Еюноскоп проводят через пищевод, желудок и двенадцатиперстную кишку по обычной методике. При пассаже аппарата по тонкой кишке в дистальном направлении каждые 10-15 см определяют изгибы кишки, преодолеваемые ротационными движениями корпуса аппарата. Интестиноскопия на различном расстоянии от связки Трейца имеет особенности.
Так, если при нормальном положении желудка проведение аппарата на глубине 10-15 см ниже связки Трейца, как правило, не сопровождается какими-либо трудностями, то дальнейшее его проведение на расстояние от 30 до 100 см ниже связки требует осторожных ротационных движений корпуса аппарата, подтягивания его вверх с последующим присбориванием кишки на аппарате, особенно в местах изгибов.
Следует отметить, что проведение управляемого эндоскопа по тонкой кишке более чем на 100 см встречает значительные трудности вследствие невозможности удержать присборенную кишку на корпусе аппарата. Осмотр тонкой кишки осуществляют при продвижении аппарата вперед, так как извлечение его сопровождается быстрым соскальзыванием присборенной кишки с тела эндоскопа, что затрудняет ее детальный осмотр. Конечное положение еюноскопа в кишке регистрируют рентгенологически.
Интестиноскопия неуправляемым аппаратом зондового типа. Исследование сложное, трудоемкое и требует согласованной работы эндоскопистов и рентгенологов.
Методика введения этого аппарата сходна с методикой проведения по кишке длинных кишечных зондов. Через рот аппарат пассивно вводят в желудок. В этот момент больной находится в положении сидя. После того как рентгенологически установлено нахождение аппарата в желудке, больного укладывают на правый бок для более легкого прохождения головки аппарата через привратник в двенадцатиперстную кишку. Это наиболее ответственный момент.

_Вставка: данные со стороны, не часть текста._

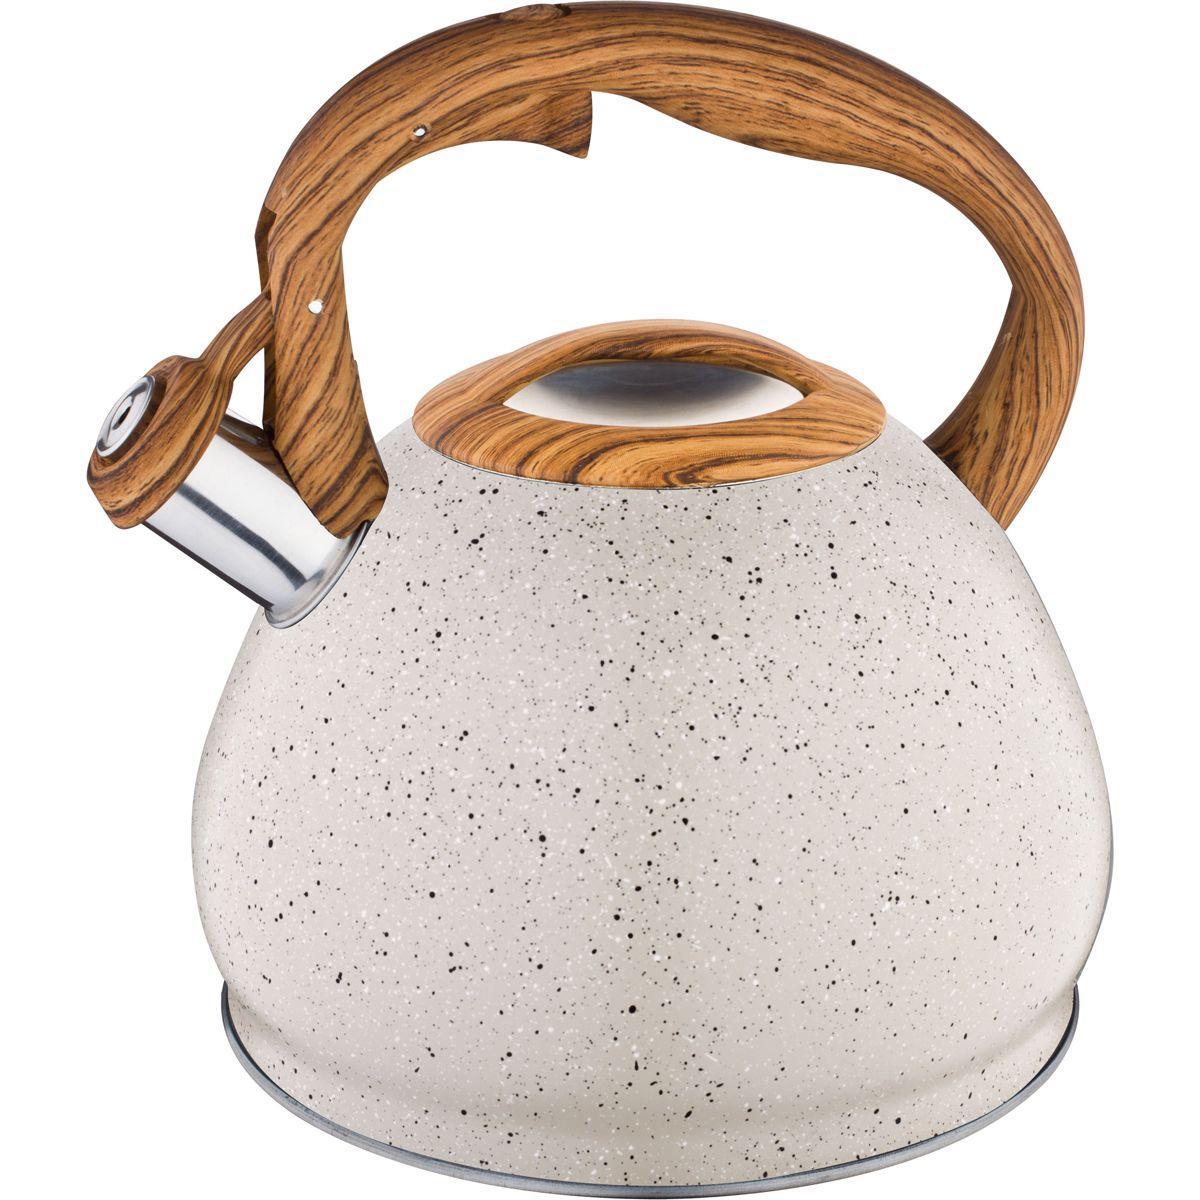 Чайник со свистком Agness термоаккумулирующее дно (3 л)

Необходим частый рентгенологический контроль за положением аппарата во избежание сворачивания его в желудке и узлообразования. После прохождения аппарата в двенадцатиперстную кишку раздувают баллон, расположенный на дистальном конце аппарата. В дальнейшем продвижение эндоскопа осуществляется пассивно под влиянием перистальтики тонкой кишки.
После преодоления связки Трейца и попадания аппарата в тощую кишку рентгенологический контроль осуществляют через каждые 30-40 мин при постоянном эндоскопическом контроле либо визуально, либо на экране телевизора. Для ускорения пассажа по тонкой кишке изменяют положение больного, степень наполнения баллона на дистальном конце аппарата, производят легкое подтягивание эндоскопа.
Исследование считается законченным при достижении терминального отдела подвздошной кишки либо при длительной (более 30 мин) остановке эндоскопа на каком-либо уровне. Перед извлечением аппарата больному внутривенно вводят раствор платифиллина или атропина в возрастной дозировке и удаляют воздух из баллона. Аппарат извлекают медленно, непрерывно осматривая тонкую кишку.